100 Jahre nach der Balfour-Deklaration, 70 Jahre nach dem UN-Teilungsplan des historischen Palästina und 50 Jahre nach Beginn der israelischen Besatzung zeugt das Jahr 2017 eindrücklich davon, dass ein derartiger gerechter und umfassender Frieden weiter entfernt denn je erscheint. Beinahe schon routiniert zirkulieren die verschiedenen Argumente und Lösungsansätze für den Konflikt, ohne damit auch nur im Geringsten etwas am Status Quo zu ändern.

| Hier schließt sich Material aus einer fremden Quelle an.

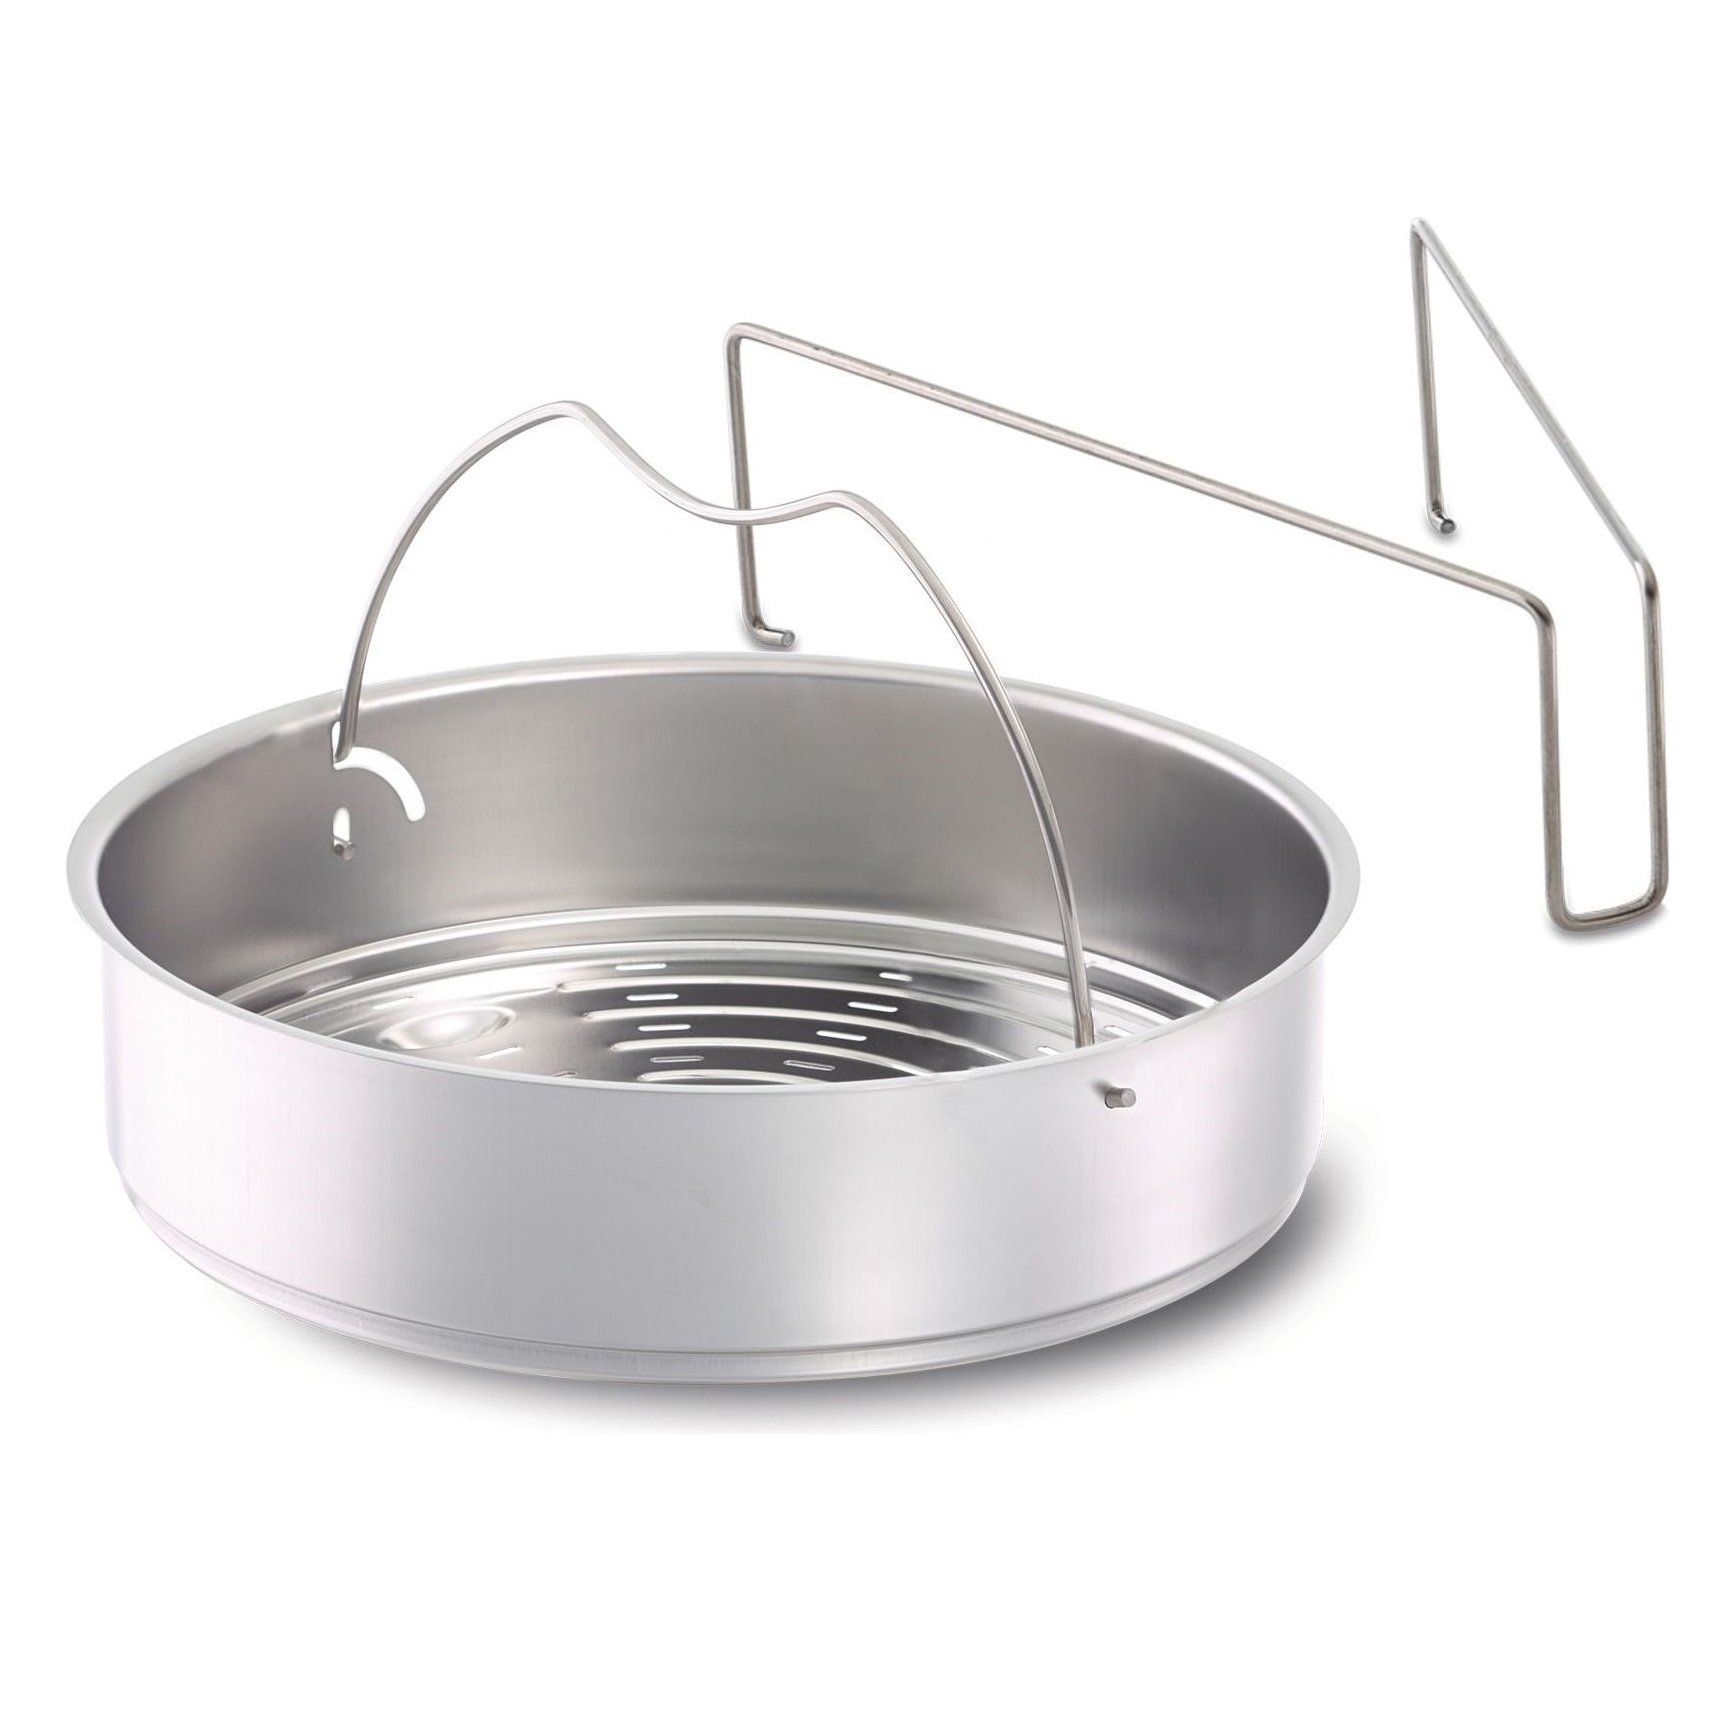  Xửng hấp nồi áp suất Fissler (đi kèm chân đế) - Fissler Pressure Cooker Steaming Basket with Tripod 22cm

In den letzten Jahren hat sich allerdings auch eine jüngere Generation von Wissenschafter_innen und Aktivist_innen aus Palästina verstärkt zu Wort gemeldet. Wie schätzen Vertreter_innen dieser Generation die politischen Strategien der palästinensischen Nationalbewegung, die im Laufe der letzten Jahrzehnte entwickelt wurden, ein? Welche politischen Vorstellungen und Utopien haben verschiedene soziale Bewegungen im heutigen Palästina? Was wären angesichts der Fragmentierung der palästinensischen Gesellschaft und der andauernden Besatzung notwendige Schritte und Initiativen? Welche Maßnahmen müsste Israel setzen, um zu einer gemeinsamen und gerechten Lösung zu kommen? Wie lässt sich eine gemeinsame Zukunft in dem gesamten Raum neu denken?

Podium

Nur Arafeh

ist Policy Fellow am Al-Shabaka: The Palestinian Policy Network und Wissenschafterin im Bereich Wirtschaftentwicklung. Davor war sie assozierte Wissenschafterin am Palestine Economic Policy Research Institute (MAS) und Lehrbeauftragte für Ökonomie am Al-Quds Bard College sowie Lehrassistentin an der Columbia University. Sie schrieb zahlreiche Kommentare in Arabisch, Englisch und Französisch unter anderem für The Guardian, Al-Jazeera, Le Monde Diplomatique und Al-Akhbar. Nur Arafeh hat einen BA in Politikwissenschaft sowie in Ökonomie von der Sciences Po und der Columbia University sowie einen MPhil in Development Studies der University of Cambridge. Im Oktober 2017 wird sie mit ihrem PhD an der University of Oxford beginnen.

Tariq Dana

ist Direktor des Center for Development Studies der Birzeit University, Palästina. Er ist Senior Research Fellow und Fakultätsmitglied am Ibrahim Abu-Lughod Institute für Internationale Studien, wo er auch Globale Politische Ökonomie lehrt. Tariq Dana ist Policy Advisor beim palästinensischen Policy Network Al-Shabaka. Zuvor arbeitete er für mehrere palästinensische und internationale NGOs und UN Agenturen in den besetzten palästinensischen Gebieten, in Afrika und Europa. Zu seinen Forschungsschwerpunkten zählen Zivilgesellschaft und soziale Bewegungen, Neoliberalismus und Globalisierung sowie Staatsbildung mit speziellem Focus auf Palästina.

Helmut Krieger

ist Sozialwissenschafter und wissenschaftlicher Mitarbeiter am Institut für Internationale Entwicklung der Universität Wien sowie Konsulent des VIDC. Seine Forschungsschwerpunkte sind: der israelisch-palästinensische Konflikt, Bewegungen des politischen Islam in der arabischen Welt, kritische Staatstheorien und postkoloniale Theoriebildung. Eine seiner aktuellsten Veröffentlichung ist: Umkämpfte Staatlichkeit. Palästina zwischen Besatzung, Entwicklung und Islam. Wiesbaden 2015. Des Weiteren ist er der österreichische Projektleiter des APPEAR-Projekts Rooting Development in the Palestinian Context, einer Hochschulkooperation zwischen der Universität Wien, der Birzeit University in der West Bank und der Al Azhar University im Gazastreifen.

Magda Seewald

ist seit 2005 Projektreferentin am VIDC. Ihr regionaler Focus liegt im arabischen Raum, insbesondere Palästina. Zudem betreut sie die VIDC-Reihe zu den Umbrüchen in der arabischen Welt. Zu ihren weiteren Arbeitsschwerpunkten zählen „Gender“ und „Gendersensibilisierung von Männern und Burschen“. Sie studierte Politikwissenschaft an der Universität Wien.